The sole function of data is to support the business activities. Each system requires a different view and characteristics for billing, customer management, financial reporting, or for any other purpose. Data quality can only be defined in order to achieve its intended purpose. The concept of expediency means understanding the concept of data quality, and knowing which data is available is not enough by itself; the purpose of this data must also be made clear. For many tasks, data is collected for a single purpose, but is usually used for different ones. As a result, data quality problem forms a complex and constantly evolving challenge for businesses.

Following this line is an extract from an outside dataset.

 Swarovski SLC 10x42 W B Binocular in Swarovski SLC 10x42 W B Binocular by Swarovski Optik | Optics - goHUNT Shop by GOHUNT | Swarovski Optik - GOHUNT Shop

The first step in any attempt for data quality is to define quality itself. The quality required must be identified prior to any project. Typical factors are availability, accuracy, integrity, consistency, completeness, validity, timeliness and accessibility.
Data quality should be viewed as a continuous process. Data potentially loses its validity from the moment it is collected. A high-quality flow of data can only be acquired with continuous measurement, evaluations and refinement.

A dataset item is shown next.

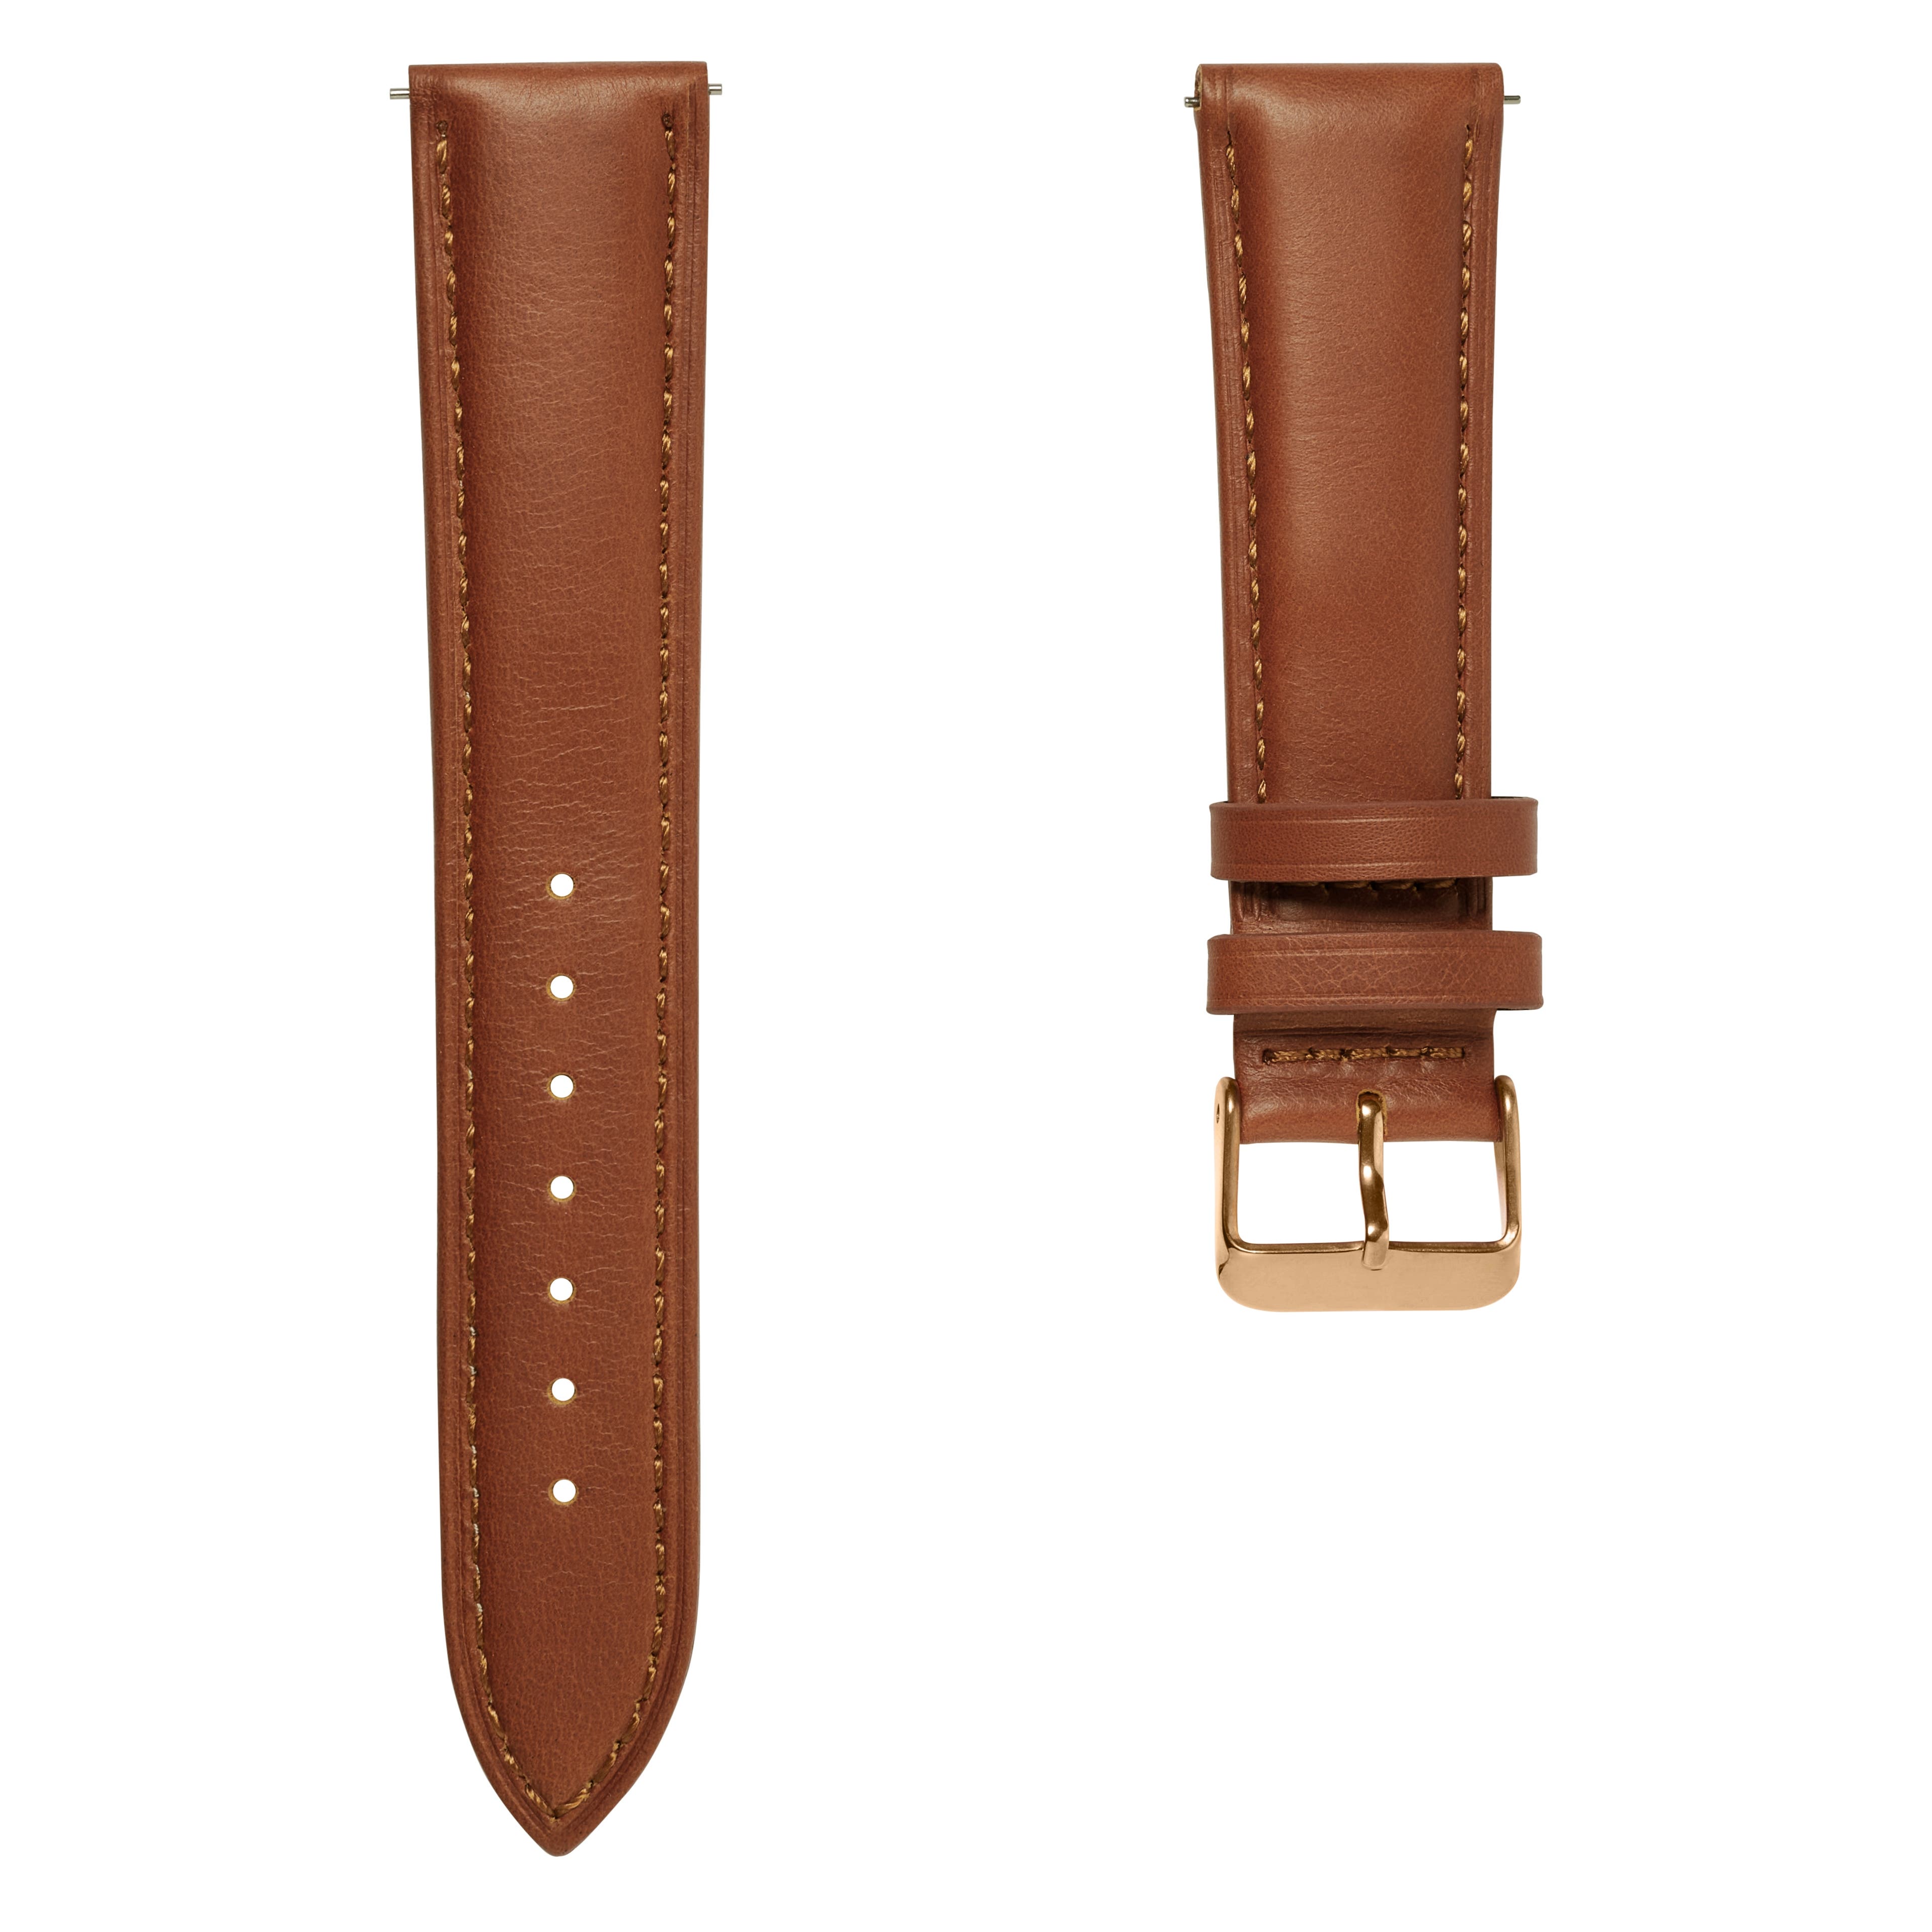 Bracelet de montre en cuir brun havane 18 mm avec boucle rose gold - Fixation rapide

Deloitte Data Management team uses pre-determined processes and industry-leading tools to solve data quality problems. Some of these tools can be named as evaluating the suitability of business units and locations, monitoring and ensuring adherence to data standards, identifying incomplete and inaccurate data, developing processes to correct and enhance the data and enhancing the single customer and product views on various business structures.
Deloitte data management approach combines three dimensions to create value to the business. Although technology implementation consultation and assurance is based on years of experience, a successful data management actually includes more than the simple integration of technology.

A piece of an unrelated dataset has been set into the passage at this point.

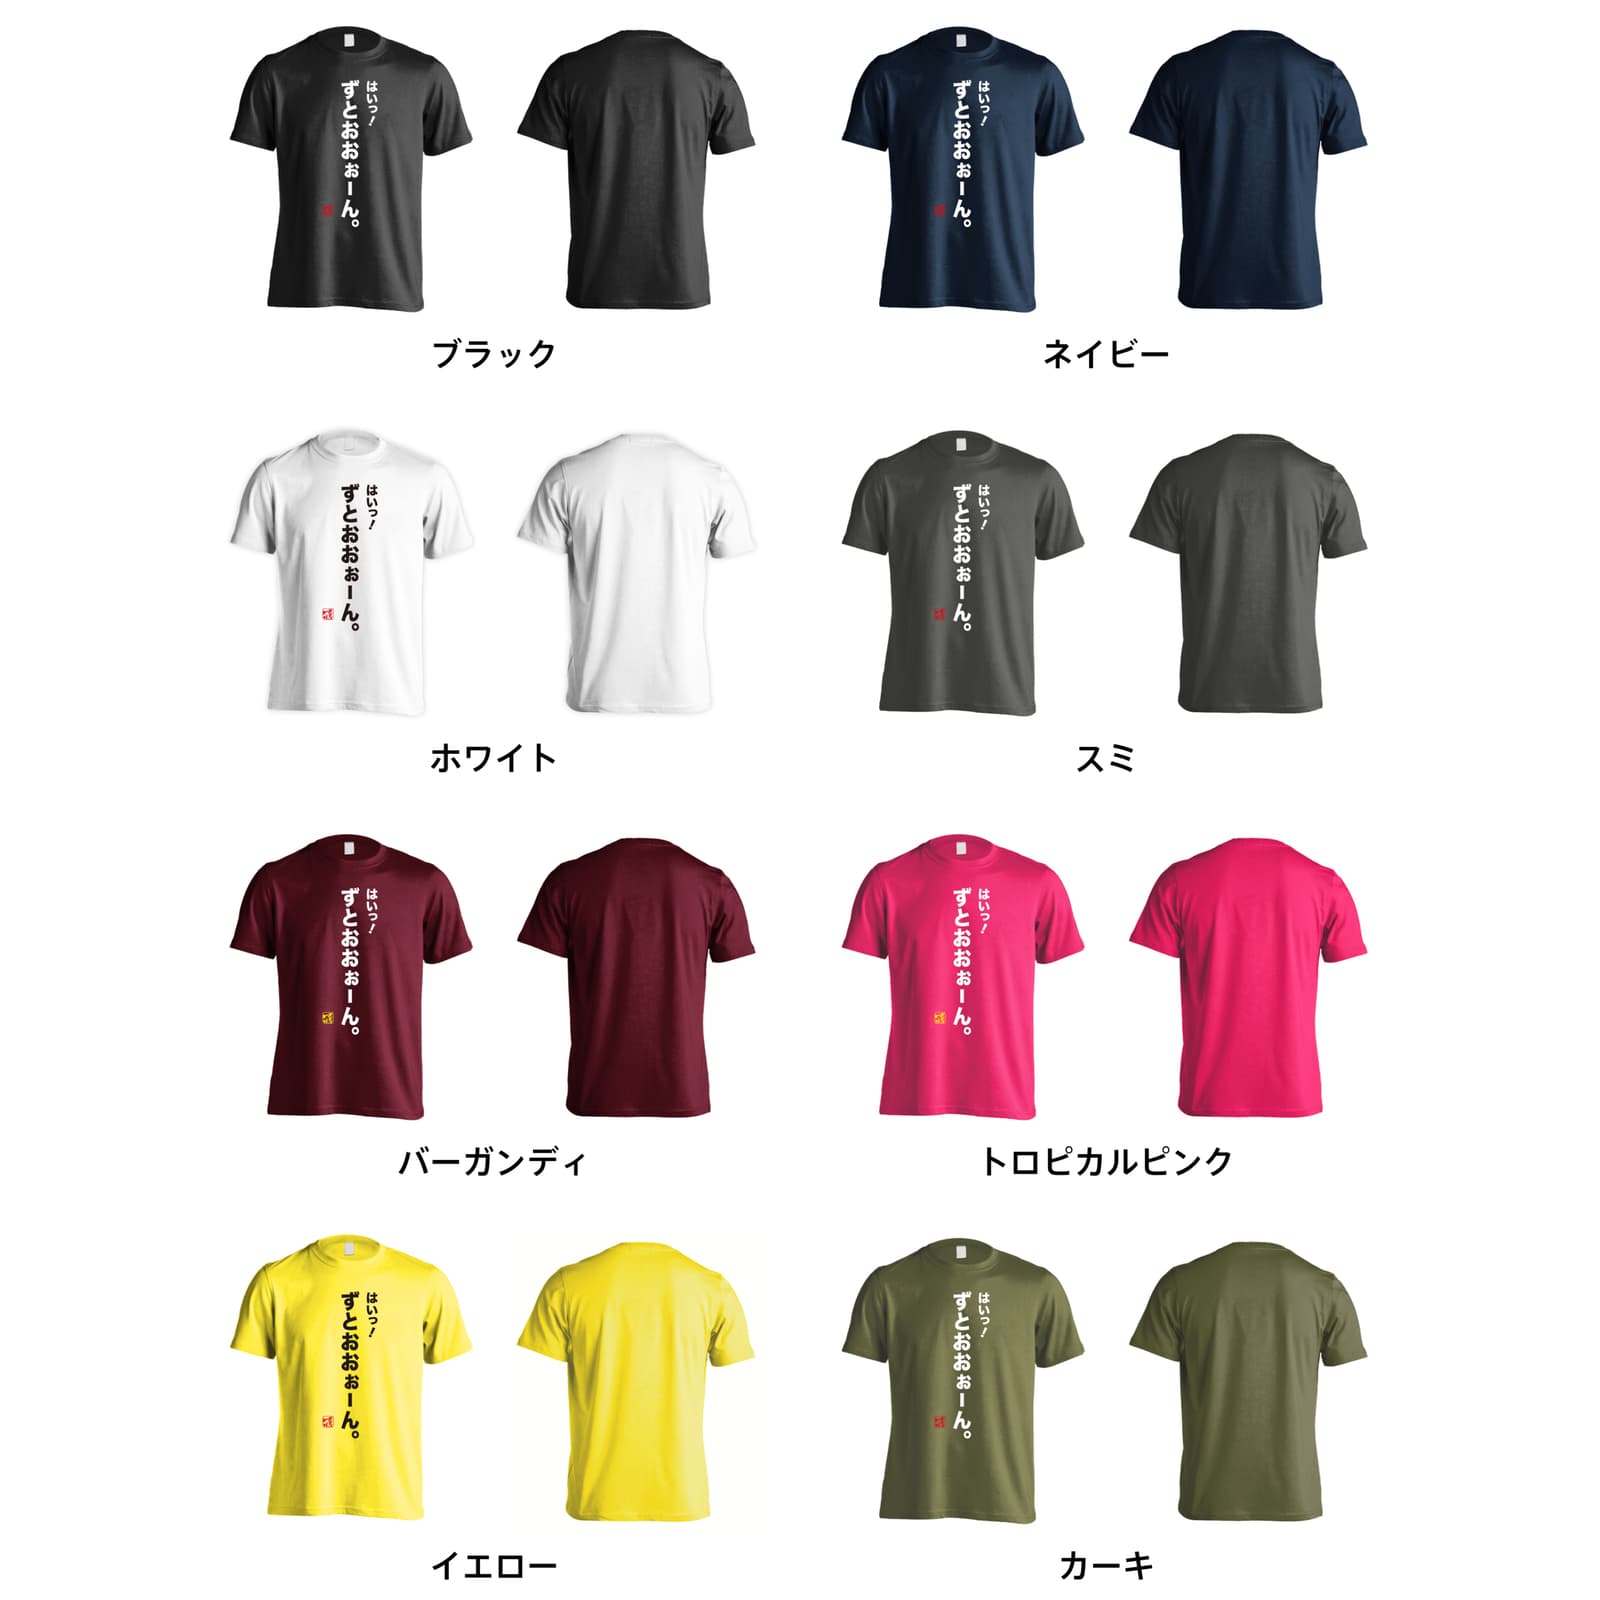 ボディビル ずとおおぉーん おもしろTシャツ 半袖Tシャツ コットン AW

- Data Risk Management- Ensuring data assurance through research, analysis, negotiation and evaluation
- Data Administration- Determining the correct people and policies for keeping and regulating company data in order to create a business structure managed by data
- Data Management Technology- Selecting, installing, integrating and implementing the technology required for efficient data management
Despite that the focus of any data management initiative might be identified with a single dimension, success depends on the integration of all three. The interaction, vital to a successful initiative, is the center of these dimensions. A successful data management requires an understanding of risk, management and technology.